My husband and I have been ttc for 4 years (2 miscarriages, currently on 5th IVF). I'm starting to feel really lonely as my friends gradually drift away, too uncomfortable to be around me if they become pregnant and have babies, and I've had a few friends recently go through IVF to be successful and then again, avoid telling me their news and I just don't know where to turn for support.
I know that people think that it will hurt me to tell me their happy news so they always tip toe around me and tell me with massive guilt in their voice or let me find out in a roundabout way. It's not true. I want this more than anything so if course I'm happy for my friends. Of course it stings a bit at first but why would I not be happy for people that they're starting a family??

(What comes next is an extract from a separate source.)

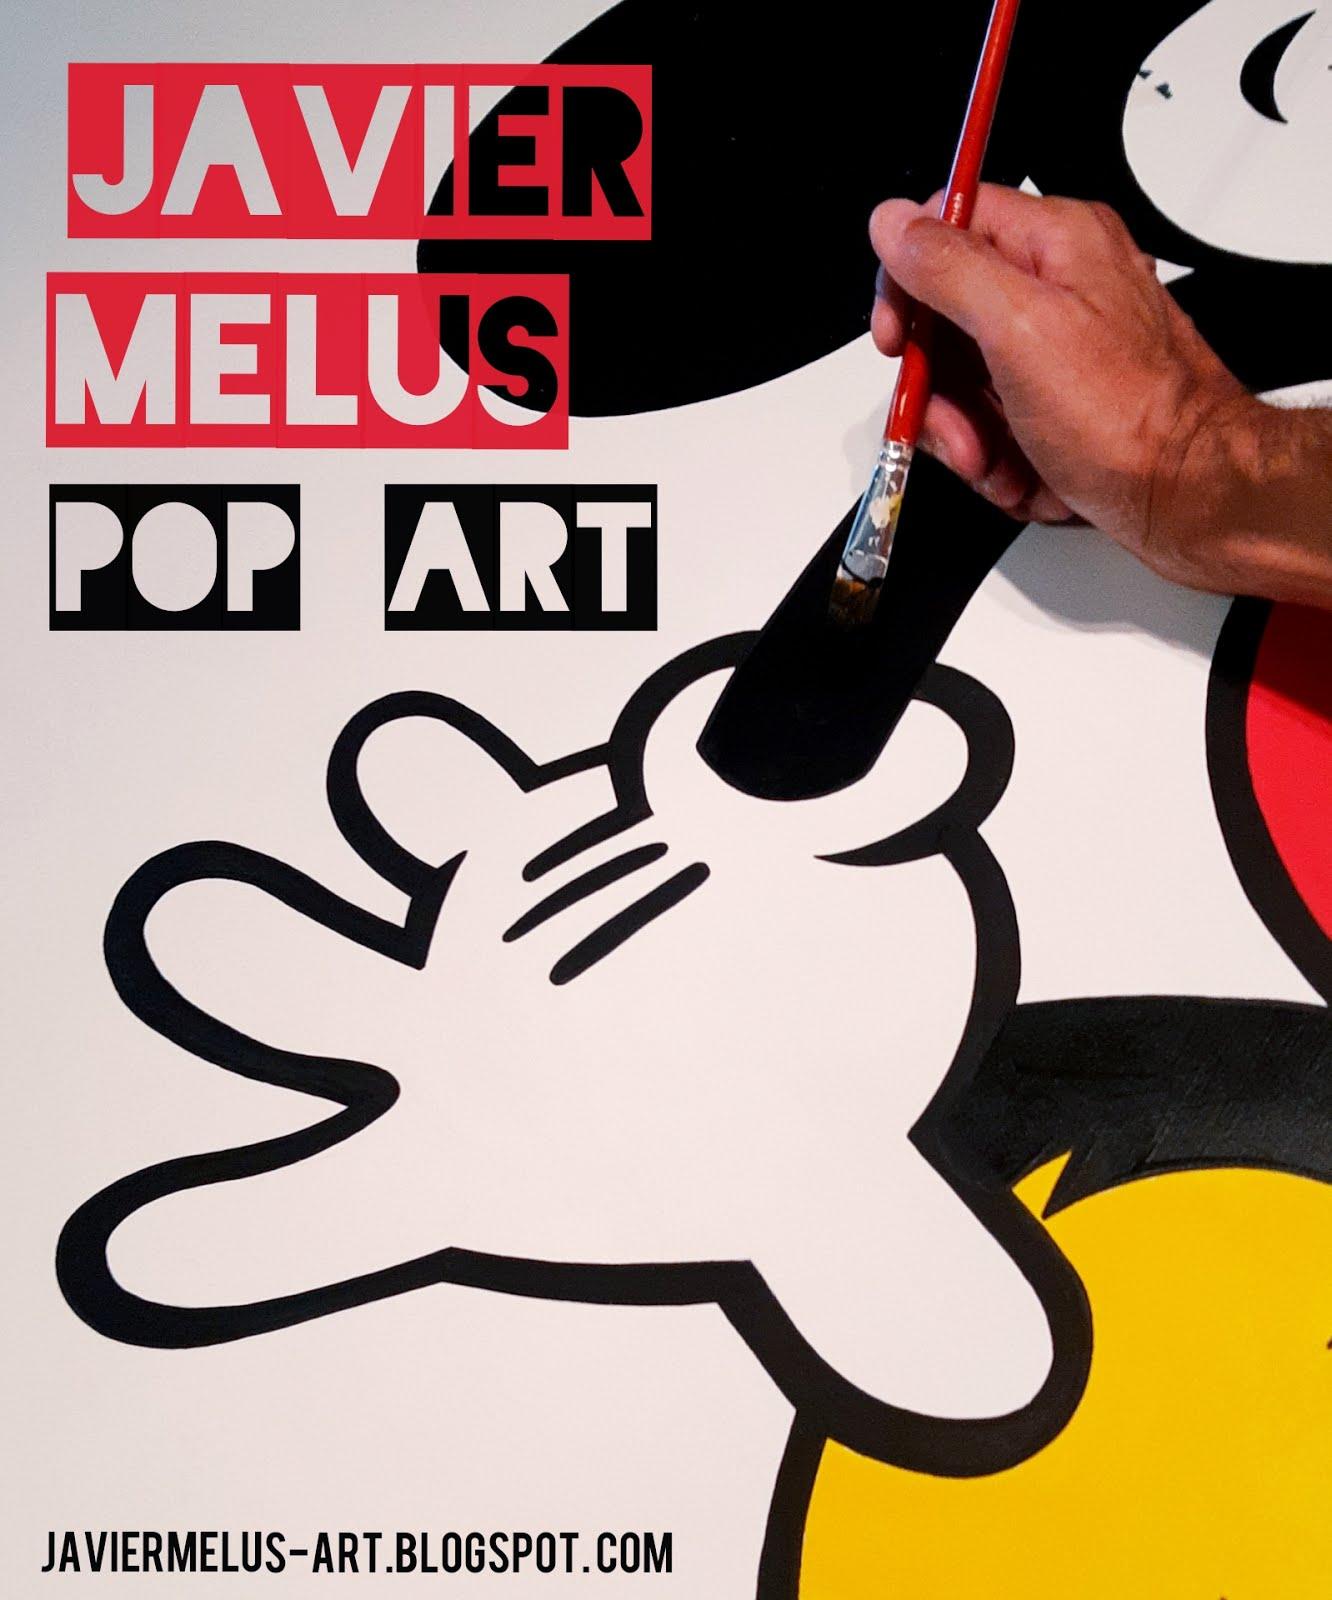 JAVIER MELUS POP ART

I've been open with my close friends about my journey because I thought I needed their support. I think it has shot me in the foot as they now actively avoid me with any news about babies, or how they're trying themselves. The only time they'll talk to me about it is if they're struggling to conceive themselves and they need support and advice. Once they fall pregnant, they disappear completely.
I'm starting to feel like the problem friend that no-one wants to be around because I put a dampener on their joy if they can't shout from the rooftops about their pregnancy when I'm around. At this stage, five rounds in I don't even really let my friends know I'm going through IVF again. If they ask me to go for a drink, I say "I'll come out but I'm not drinking at the minute" and that's how they know, or if we're out for a meal I order water. We don't talk about it.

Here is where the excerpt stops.